In its ruling, the watchdog said JCB had “a clear business relationship” with its sole supplier in Israel – a company called Comasco – and that it was “not carrying out human rights due diligence in its supply chain”.

The watchdog conceded that the use of machinery in Israeli settlements “cannot be conclusively linked to JCB” because the company did not have “leverage” over the entire market, which could include suppliers of second-hand machinery.

But Tareq Shrourou, director of Lawyers for Palestinian Human Rights, told openDemocracy: “JCB knows it must urgently implement effective due diligence measures to prevent and mitigate the proven use of its products in severe human rights violations against Palestinians.”

He said: “The UK National Contact Point has asked JCB to ‘set out an action plan’ on how it will address its involvement in human rights violations. This must include making detailed enquiries with Comasco, the sole distributor of JCB products in Israel, and it should impose contractual provisions to ensure they are not used in human rights violations. If Comasco is unwilling to accept such contractual provisions then JCB should consider ending its business relationship with this supplier.

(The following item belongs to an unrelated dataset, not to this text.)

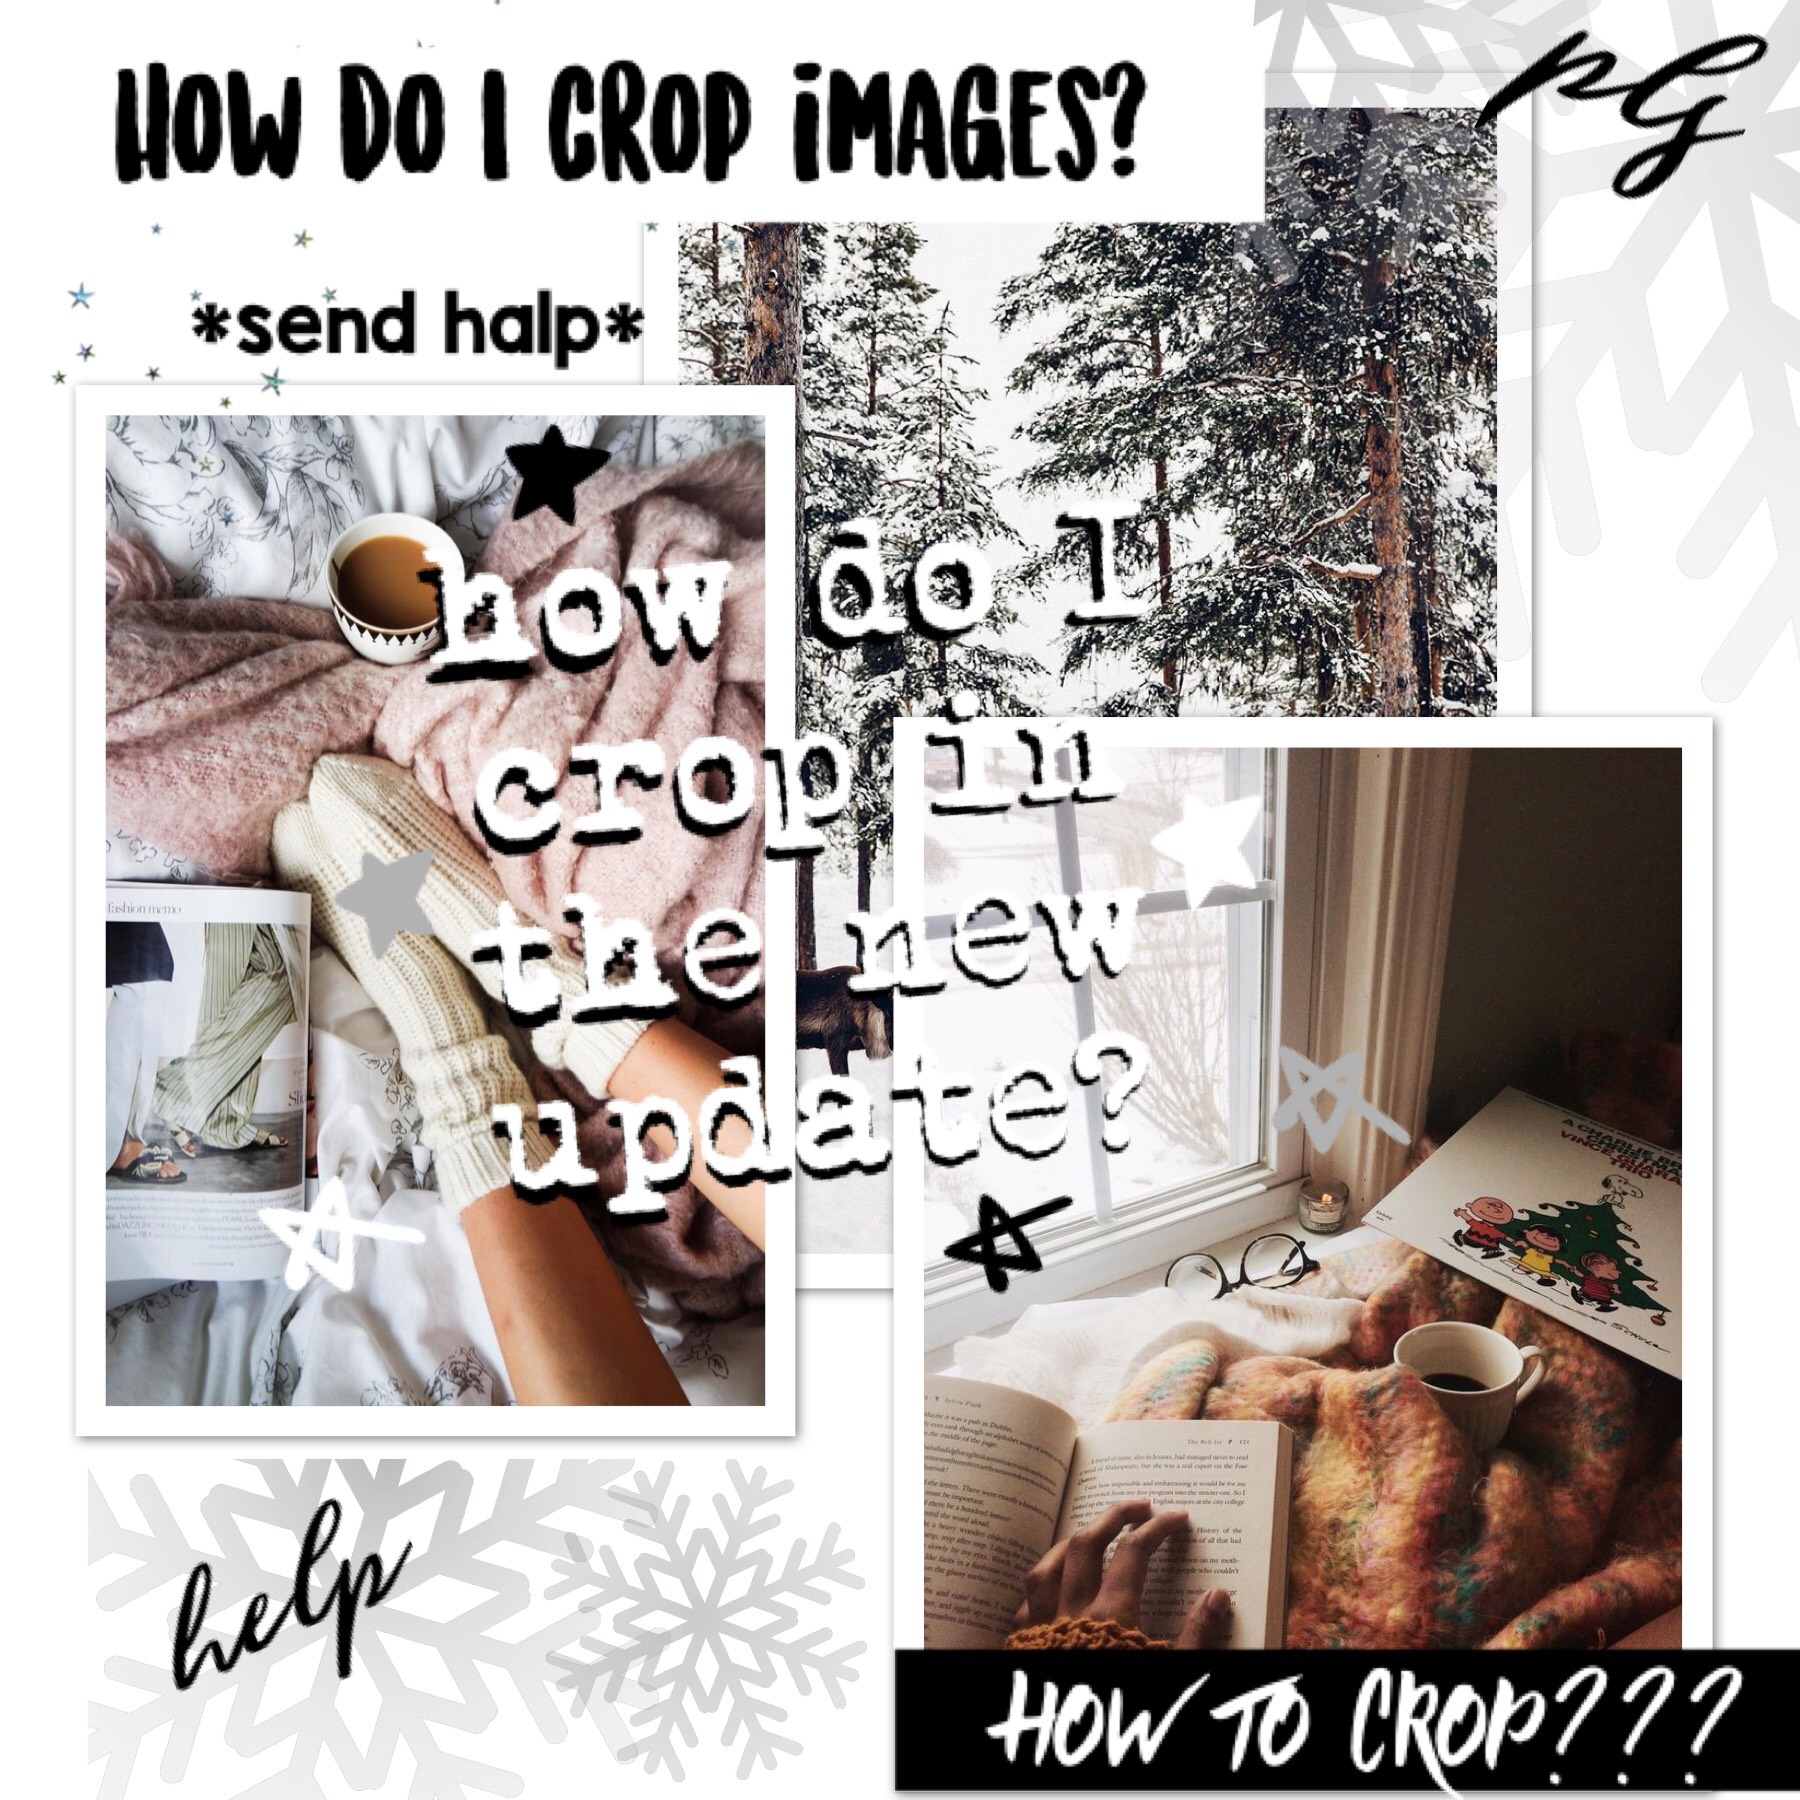 I just went to make a collage but I can’t crop images anymore! Can anyone help me? Is the crop feature gone??!?!

“Furthermore, JCB should utilise its own ‘LiveLink’ technology, which is embedded in all of its products. This would provide JCB with real-time data to track, trace, and be ready to immobilise its products if they are located in high-risk areas of the West Bank.”

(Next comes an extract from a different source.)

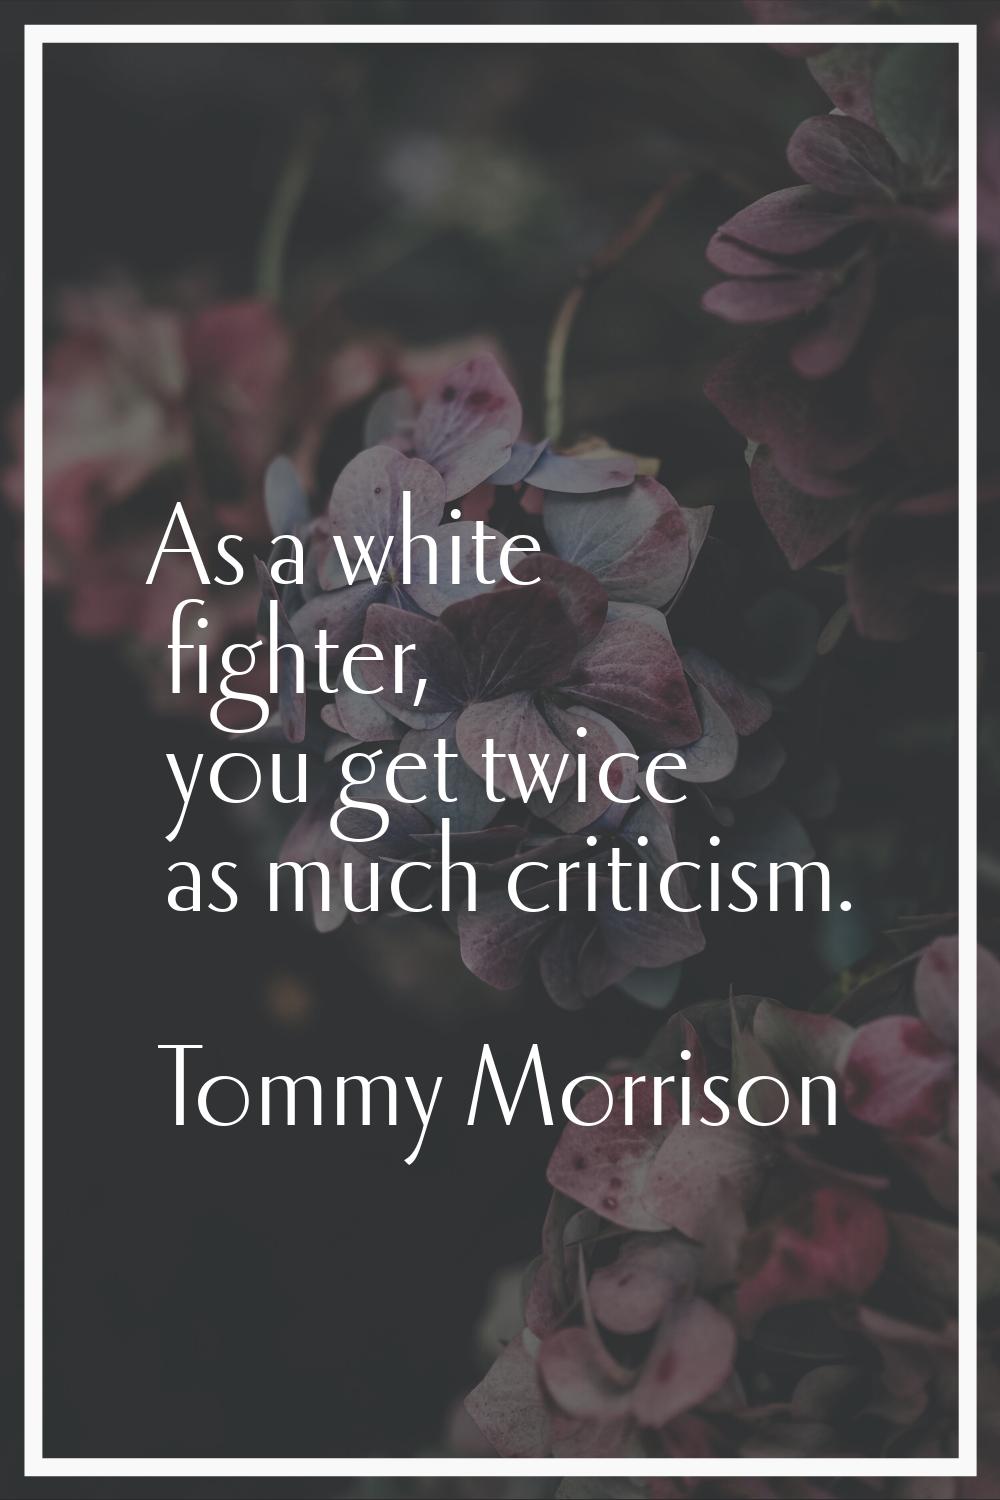 As a white fighter, you get twice as much criticism.

Shrourou added that if JCB “chooses not to effectively act” to prevent its machinery from being used in illegal Israeli demolitions then it should be “a matter of serious concern for the British public, parliamentarians and government”.

The company made profits of almost £297m in 2022, paying its directors up to £6.8m.

Demolitions

Human rights activists say they have evidence of at least 56 separate incidents where JCB machinery has been used in the Occupied Palestinian Territories resulting in human rights violations, mostly between 2011 and 2021.

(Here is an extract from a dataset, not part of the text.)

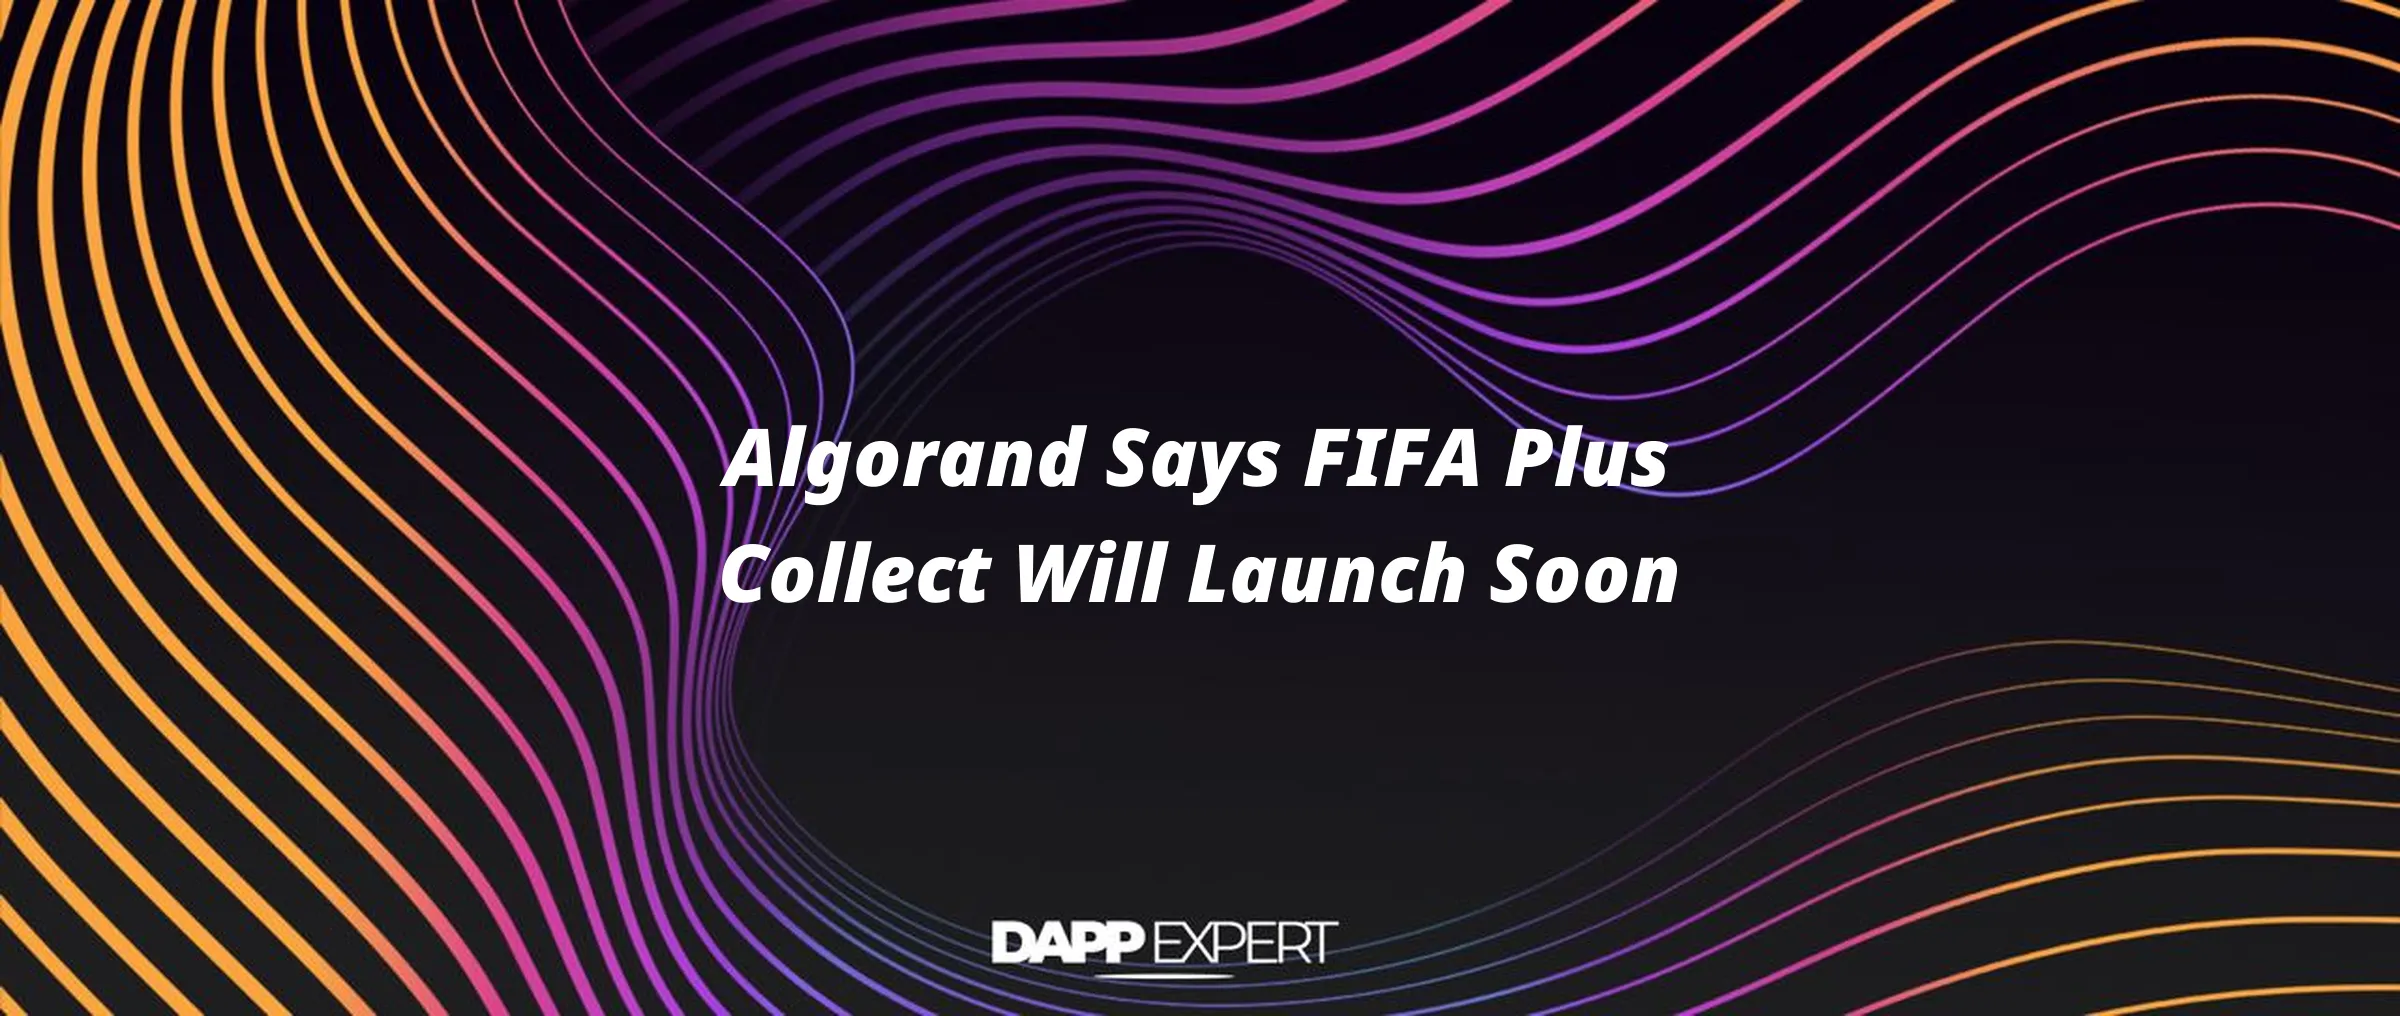 Algorand Says FIFA Plus Collect Will Launch Soon

They include the demolition of 13 residential and 17 agricultural structures in Khirbet Humsah, a small Palestinian community in the northern Jordan Valley, in 2021.

Israeli authorities had already stopped residents from connecting to the energy and water grid, and the community had faced at least five other demolition incidents earlier in the same year. Amnesty International claims that as well as destroying Palestinian buildings in Khirbet Humsah, JCB diggers were also used to demolish water tanks and farming equipment being used by the residents.

The charity says that, on other occasions, JCB machinery was used to uproot 450 olive trees in 2019 and destroy a mosque that was under construction in 2021.

Yet criticism of JCB has not affected the company’s relationship with the Conservative Party. In 2022, Boris Johnson even received a donation worth £23,853 from the company’s boss Anthony Bamford and his wife to pay for wedding celebration costs – including a marquee, flowers, waiting staff and an ice cream van.

SNP Chris Stephens MP told openDemocracy: “There are serious questions for Rishi Sunak to answer over why the Tory Party is accepting huge donations from the Bamford family – given their excavator company JCB has allegedly been involved in illegal Israeli settlements in the West Bank.

“In addition to answering questions on these financial links, both the Tories and the Labour Party must stop sitting on their hands and, instead, demand an immediate ceasefire in Gaza before more lives are lost and further tragedy occurs.”

A spokesperson for JCB has previously rejected claims that the company “contributes to, is responsible for, or is otherwise linked in any way to adverse human rights abuses in the Occupied Palestinian Territories either directly or indirectly”. They also rejected claims that JCB has “failed to mitigate or prevent such adverse human rights impacts”.